SIT Pell Grant Match Award. SIT Study Abroad provides matching grants to students receiving Federal Pell Grant funding for the term during which they are studying with SIT. This award can be applied to any SIT program. Qualified students must complete the scholarship portion of their application. View all SIT Study Abroad scholarships.
The tuition fee covers the following program components:
- Cost of all lecturers who provide instruction to students in:
- The Madagascar healthcare system in both urban and rural areas and the effect of geography as well as cultural, economic, and political dimensions on health delivery
- Malagasy cultural assumptions and practices
- Ethical issues in healthcare delivery
- Postcolonial and contemporary Malagasy politics as applied to healthcare policy and delivery
- Traditional medicine practices in Madagascar
- Basic introduction to everyday spoken Malagasy
- All educational excursions to locations such as rural and urban allopathic healthcare centers, local herbalist markets, the University of Antananarivo’s School of Medicine, the University of Antananarivo Faculty of Science’s Pharmacology Department, Institut Malgache de Recherche Appliqué, SoTraMex (Societé de Transformation Malgache et d'Exportation), and Homeopharma (homeopathy, phytotherapy, and aromatherapy)
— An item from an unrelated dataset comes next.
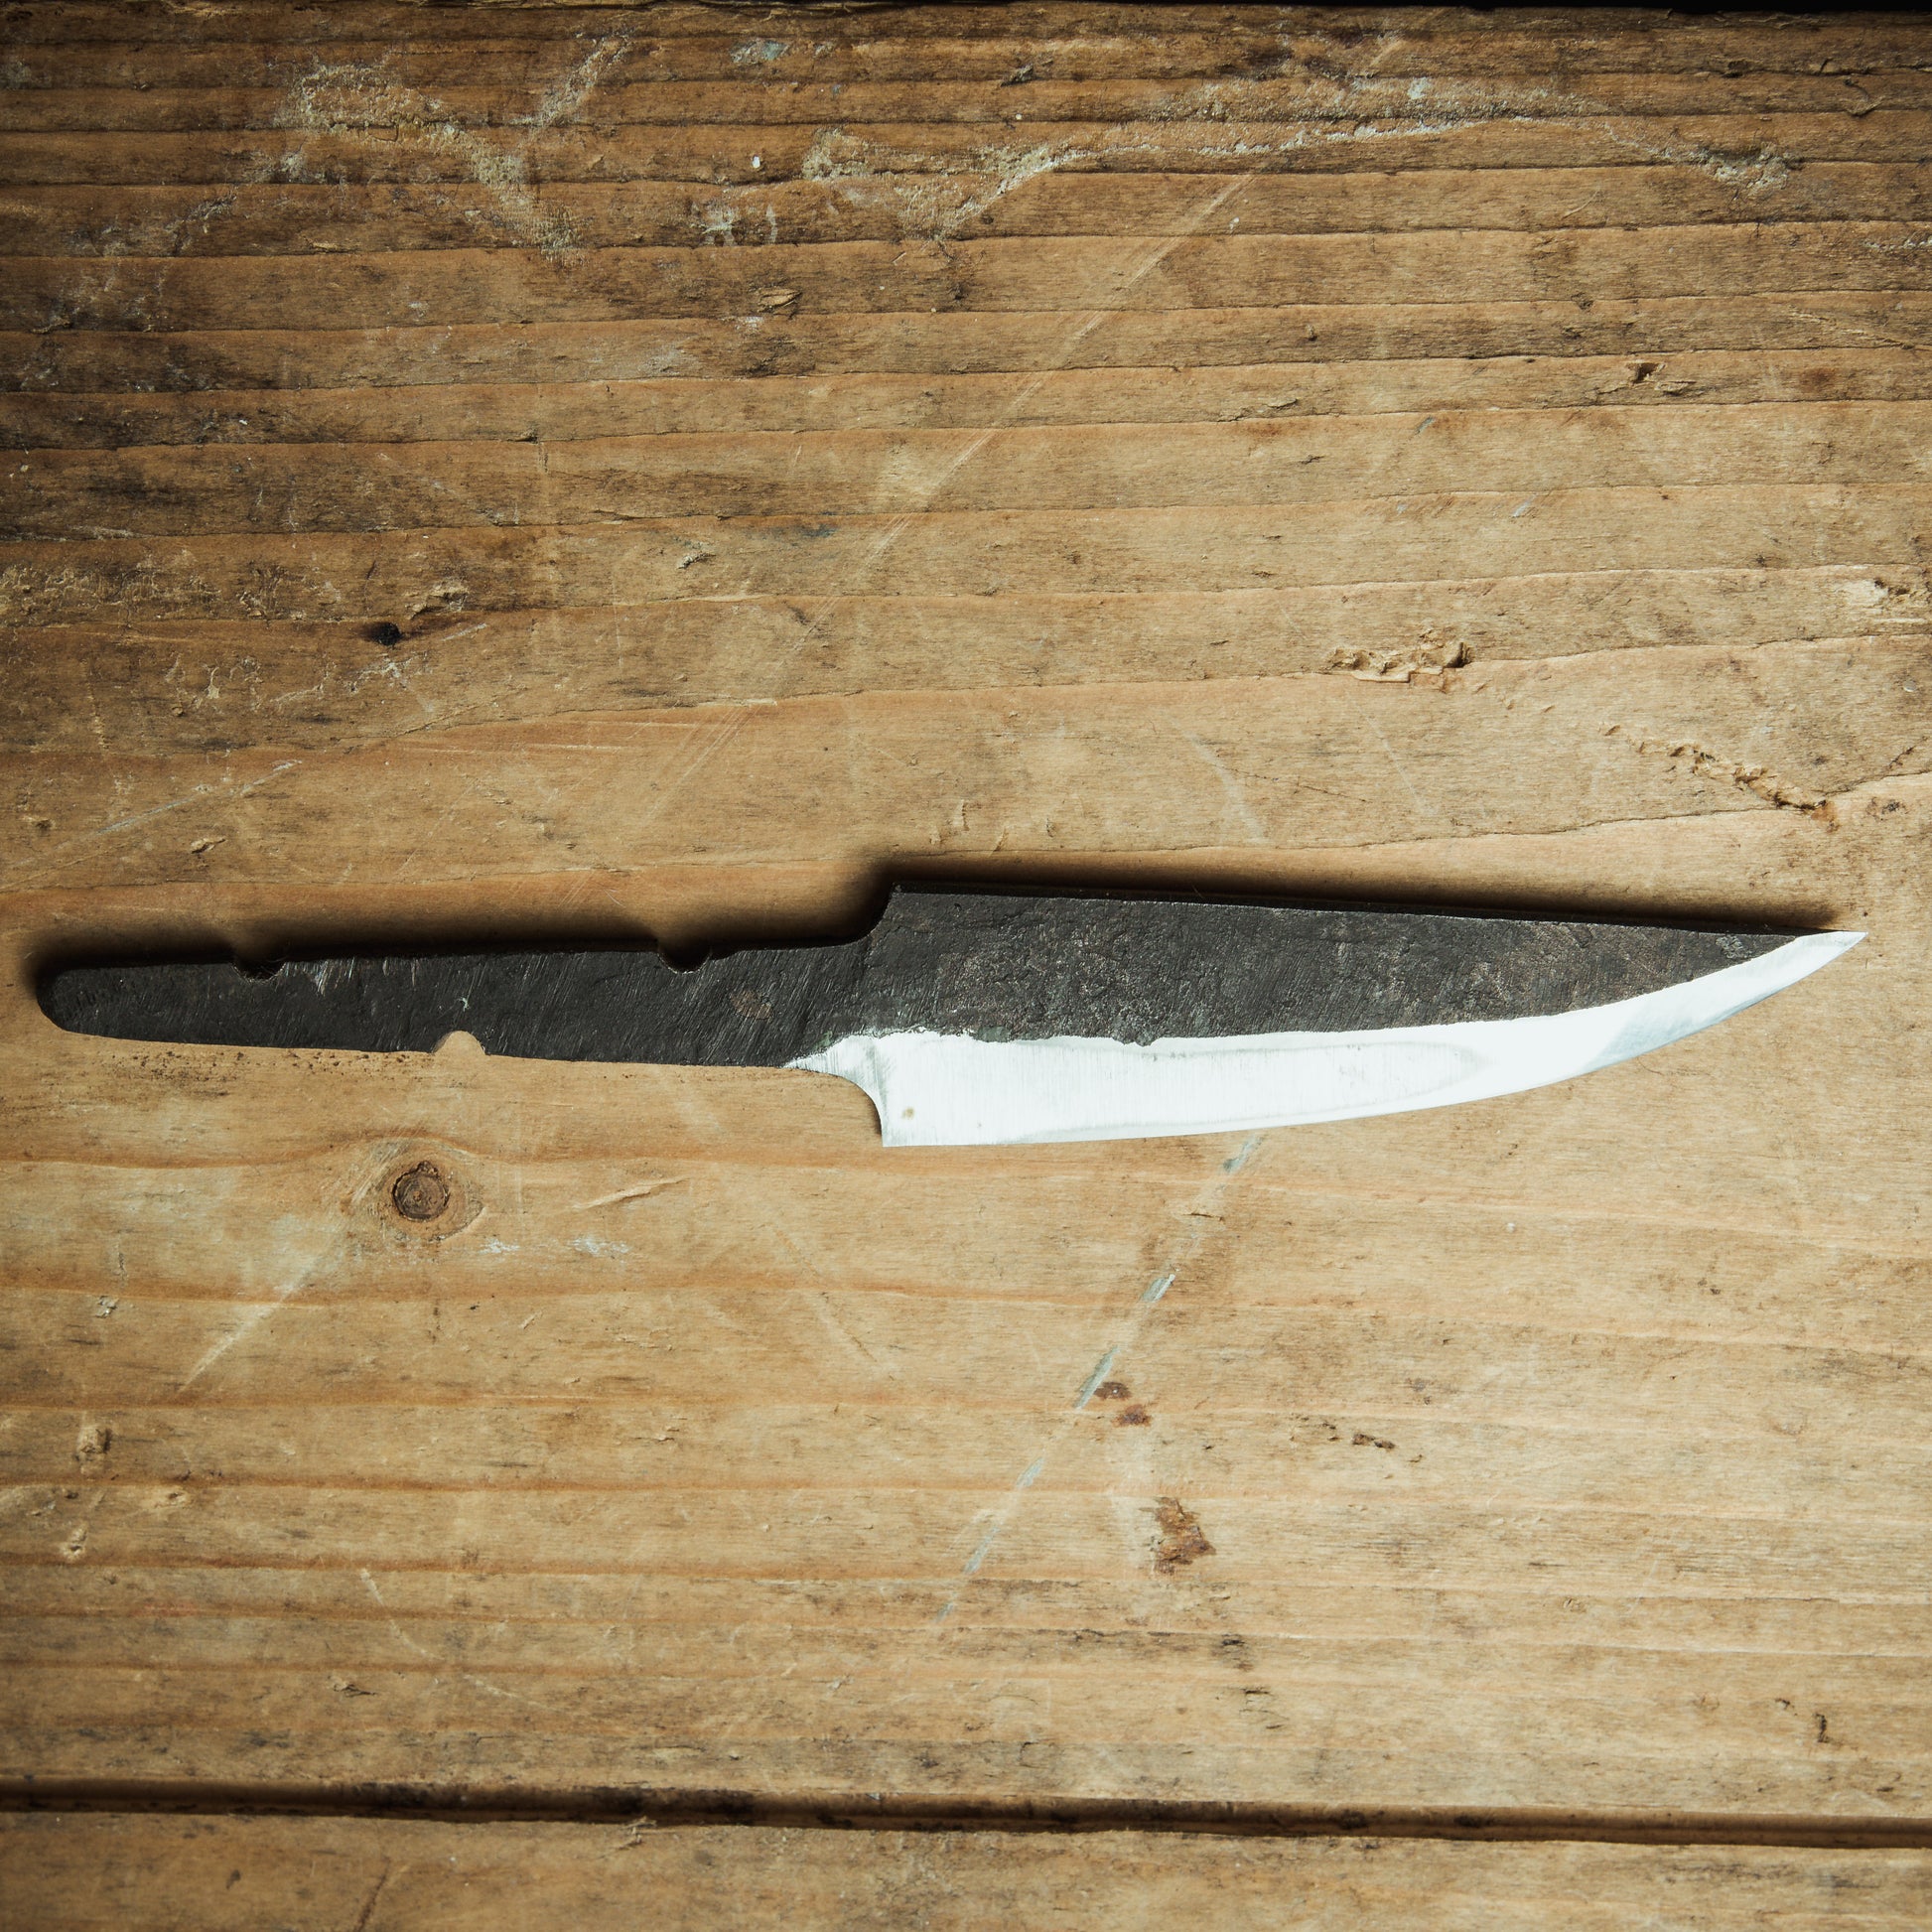 carving knife, Whittling / sloyd blade handforged

- Health insurance throughout the entire program period
Room & Board: $1,475
The room and board fee covers the following program components:
- All accommodations during the entire program period.
- All homestays (three and a half weeks in Antananarivo and 10 days in rural Andasibe)
- All meals for the entire program period. Meals are covered by SIT Study Abroad directly, through a stipend, or through the homestay.
Estimated Additional Costs:
International Airfare to Program Launch Site
International airline pricing can vary greatly due to the volatility of airline industry pricing, flight availability, and specific flexibility/restrictions on the type of ticket purchased. Students may choose to take advantage of frequent flyer or other airline awards available to them, which could significantly lower their travel costs.
Books & Supplies: $ 50
International Phone: Each student must bring a phone with them to their program.
Personal expenses during the program vary based on individual spending habits and budgets. While all meals and accommodations are covered in the room and board fee, incidentals and personal transportation costs differ depending on the non-program-related interests and pursuits of each student. To learn more about personal budgeting, we recommend speaking with alumni who participated in a program in your region. See a full list of our alumni contacts. Please note that free time to pursue non-program-related activities is limited.
Please Note: Fees and additional expenses are based on all known circumstances at the time of calculation. Due to the unique nature of our programs and the economics of host countries, SIT reserves the right to change its fees or additional expenses without notice.